How Lobbyists Sold Out Your Grandfather’s NRA
The NRA was originally founded to promote responsible gun ownership, but it operates today solely to make the gun industry rich — at the cost of American lives.
The NRA was founded in 1871 to advance rifle marksmanship, firearm safety and competency. For a very long time, it focused on this mission successfully and grew its membership of hunters, sportsmen, and responsible gun owners.
Sadly, the NRA of today would be completely unrecognizable to its founders. It’s strayed almost entirely away from any meaningful programmatic efforts related to its mission in favor of trips to Russia, dark money, backroom deals, feathering the beds of lobbyists, million-dollar spokespeople, and a 24/7 fake news machine that is designed exclusively to foster unfounded fears among its members and the public. Its finances are in turmoil, and its approval ratings are at record lows.
This much is clear: In the face of America’s gun violence epidemic, the NRA must salvage what it once did well. That means returning to its focus on responsible gun ownership.
If the NRA were to do this, it would be acting as an actual nonprofit organization focused on achieving its mission — and it would be acting consistently with the views of its members. The NRA membership overwhelmingly supports common-sense solutions — including the expansion of Brady Background Checks — to ensure our nation has a strong and secure system to keep guns out of dangerous hands. Yet, even on that issue, the NRA has blocked every reasonable effort to expand the Brady Background Check system. According to NRA lobbyists and its grossly overpaid consultants fueling the fake news dystopia, any attempt to protect public safety infringes on the rights of gun owners.
But let’s be clear, the current NRA’s focus is not on the long-term securitization of gun owner rights in this country — it’s on the short-term profits of the gun industry.
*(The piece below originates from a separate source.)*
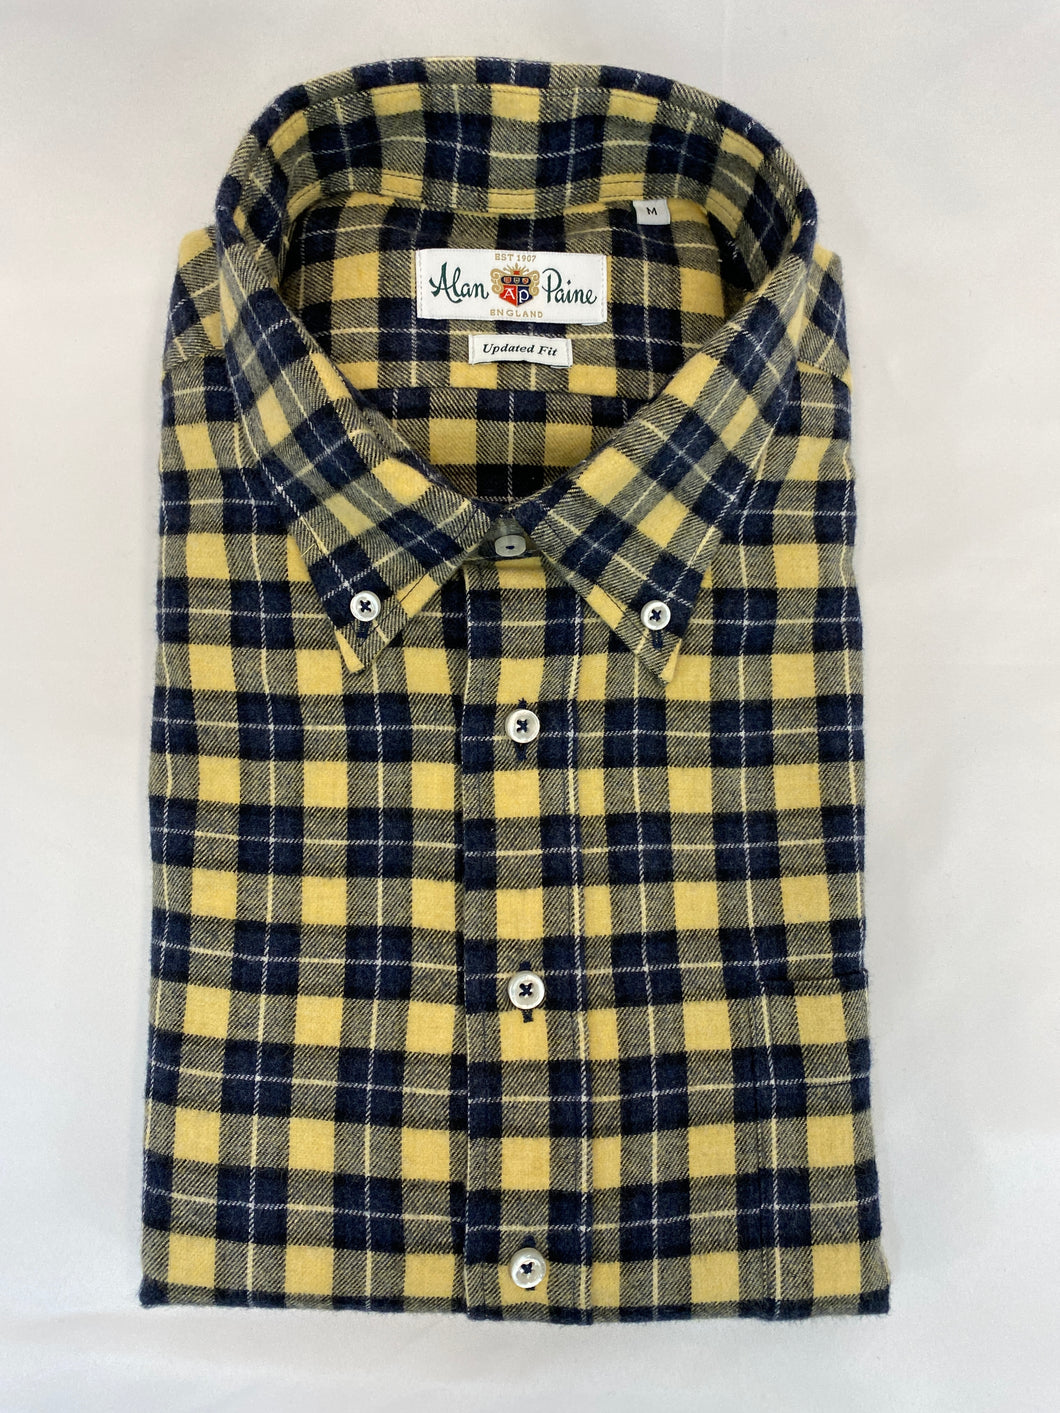 Alan Paine Flannel Button Down Shirt Yellow Grey Plaid

And in pursuing those short-term profits, the NRA is destroying its once strong reputation and is contributing to our current epidemic of gun violence.
It does not have to be this way. There is a path forward for an organization of responsible gun owners who want to focus on firearm safety, marksmanship, and the protection of rights to own guns.
Jim and Sarah Brady, my organization’s namesakes, were gun owners. They worked hand in hand with members of Congress on both sides of the aisle to enact the Brady Law 25 years ago. The NRA fought their work every step of the way, but today Brady Background Checks have stopped more than 3 million sales of guns to prohibited buyers we all agree should not have them.
Rather than focusing its efforts on opposing the most basic public safety measures that stop dangerous or at-risk people from accessing guns, we ask the NRA to consider this reality: that in order for their organization to survive, it must recognize that our country is facing an epidemic of gun violence.
To maintain the American system of gun ownership requires acknowledging this epidemic and working to solve it through appropriate solutions that protect the interests of gun owners with the rights of the public — including gun owners — to live in a society free of the fear of getting shot in school, in church, in a synagogue, a mosque, a movie theatre, or walking down the street.
The NRA speaks a great deal about the “American way.” Well, part of the “American way” means conducting business with honesty and integrity and not from playbooks with ideas lifted straight from despotic regimes hardly representative of their people. The “American way” does not mean following a special set of laws or protections for special interest groups, achieved through closed-door meetings with results that imperil our lives.
Make no mistake, no other industry in America has benefitted as much through sweeping backroom deals as the gun industry. And while that’s great for gun industry profits and bad actors, it’s not good for average Americans.
The NRA is at a breaking point. Its finances are a mess. It’s a scandal-ridden organization, with million-dollar mouthpieces like Dana Loesch and Oliver North spewing misinformation and lies to generate profits for gun manufacturers. During its convention this weekend, the NRA must open its door, listen to its members, and reassess its role in our country. If the NRA truly wants to keep guns in the hands of the “good guys,” then it must abandon the deception campaign and the million-dollar salaries. It must return to its roots in addressing safe storage and ending “family fire,” and it must help bring about common-sense legislation that will save lives and protect gun ownership.
That’s an NRA we would welcome. And of course, its members are always welcome to join Brady in uniting Americans against gun violence.
Let’s work together to undo decades of questionable political deals so that the gun industry can no longer act above the law. Work with us on bringing the light of day to future debate on issues where perhaps we disagree on the best solution, but we can agree to disagree and forge a compromise that protects our country, the lives of all who live here, and the right to own, possess and carry guns.
Let’s take action, not sides. Brady is willing and eager to do so. Is the NRA?